Premier League
Ten manifest użytkownika nesete przeczytało już 1312 czytelników!
Łącznie swój komentarz zostawiło 0 z nich.
By żyło się śmieszniej i ciekawiej, na spotkaniu z brzydkim i śmierdzącym prezesem smutnego klubu o czarnych barwach, zwanego dalej Newcastle, Sroki czy cuś, powiedziałem, ze środek tabeli dobry jest dla przedstawicieli abnormalnego gatunku homo cłapus, czyli homo. Ja kcem walczyć o Ligę Europy i tam potykać się z takimi tuzami futbolu jak Lech (zdech) i 7egła Varszaffka. Prezes (jak wspominałem, gruby i parszywy, z mocno kaprawymi oczyma) klepnął mi pjonę i uradował się, wiedział bowiem, że było to dobre. Nie tak dobre, jak święta krucjata przeciwko Legionowi Cyganiarzy, jednak nosiło to znamiona stanów błogosławionych. Kasiorę ten klubik (czyli Nowy Zamek) ma zacną, 21 mln ojrosów to sporo jak na zespół mający w składzie KRULA (tak, tak, sam Krul jest u mnie!). Bogaci finansowo, biedni duchem. Prawie jak polska elyta polityczna.

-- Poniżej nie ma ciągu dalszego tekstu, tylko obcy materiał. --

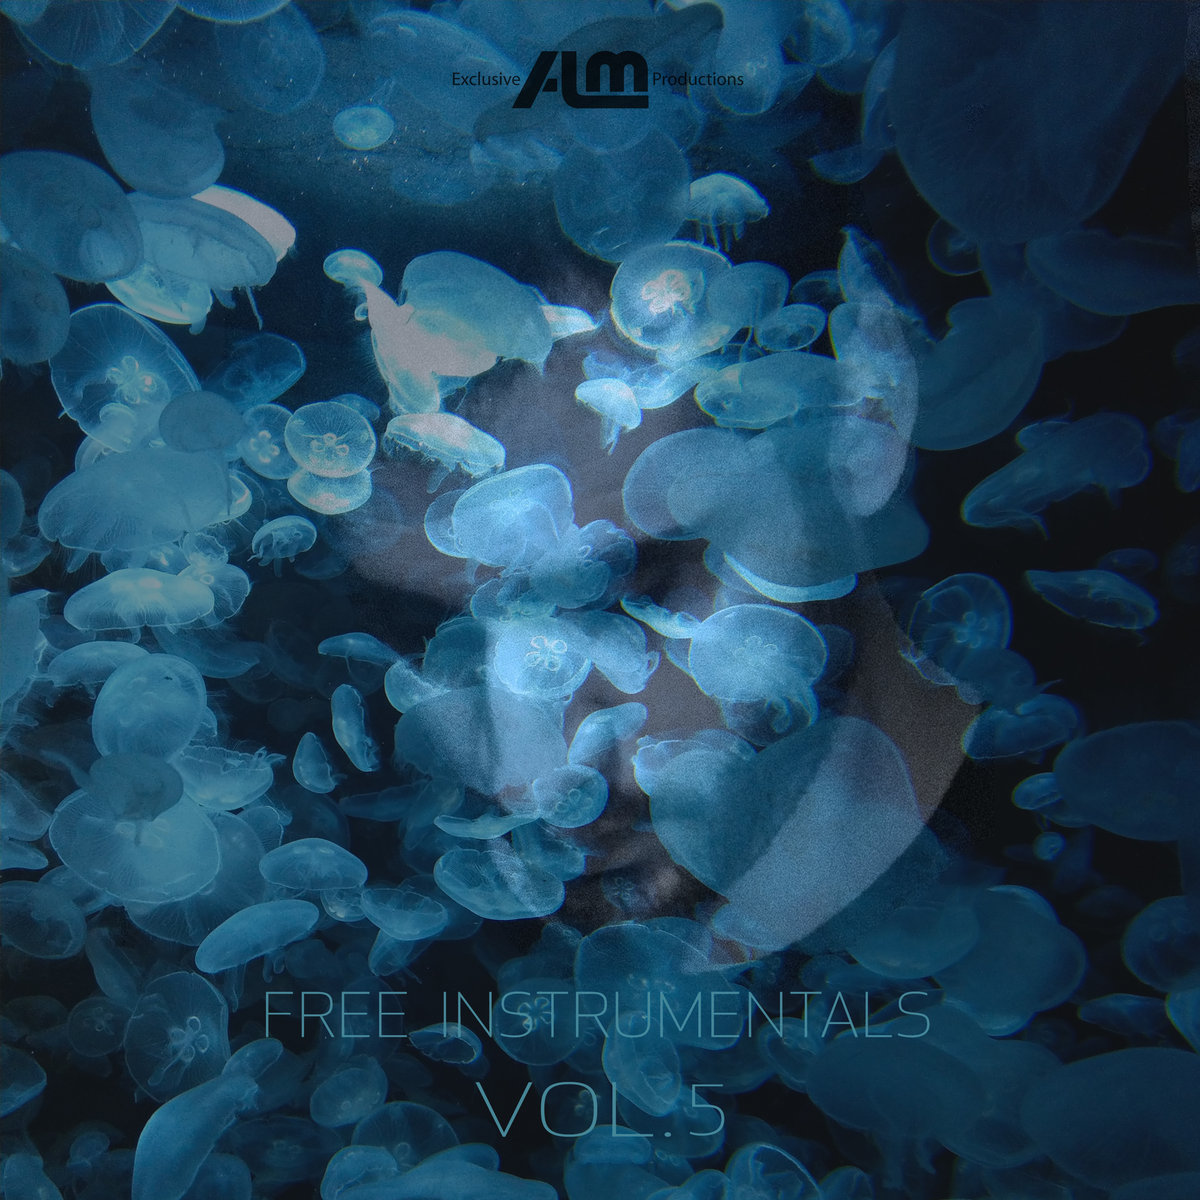 Free Instrumentals, Vol  5 | ALM Productions

Super zasadę o jednym transferze, choć teraz o dwóch (konsekwencja) już znacie, a jak nie to zapraszam, do jakże pouczającej, inteligentnej i wyważonej lektury jaka jest wstęp, prolog i bema żałosny rapsod, czyli A 0 (dla opornych lub tych mądrych emocjonalnie nie inteligentnie, jak klikniesz, to magicznym sposobem, znajdziesz się gdzieś indziej). A tam? Dziwy i cudy, wianki i cudawianki. Zapraszam serdecznie, Piotr Fronczewski (czemuż, ach czemuż nie Krzysio Tyniec?).
Skład przedstawię, jak tylko dojadę spacjowaniem do sensownych rozgrywek, bo takie coś jak sparingi, to kupa, nuda i kamieni stos.
Gwoli wyjaśnienia, mam teraz jakoś mało czasu na grę, będę wrzucał te emocjonujące manifesty, ciekawe niczym ostatnia seria wieszcza i mesjasza, bardzo nieregularnie, będą to mega krótkie odcinki, o treści ubogiej i żenującej. Bo mam mało czasu na grę (CZAT sam się nie obroni), co za tym idzie, mało czasu na pisanie, a nawet pisanie takich głupot, coś z tego życia zabiera. Może coś odda kiedyś, któż to wie? Bardzo poetycznie, lirycznie, wręcz mickiewiczowo.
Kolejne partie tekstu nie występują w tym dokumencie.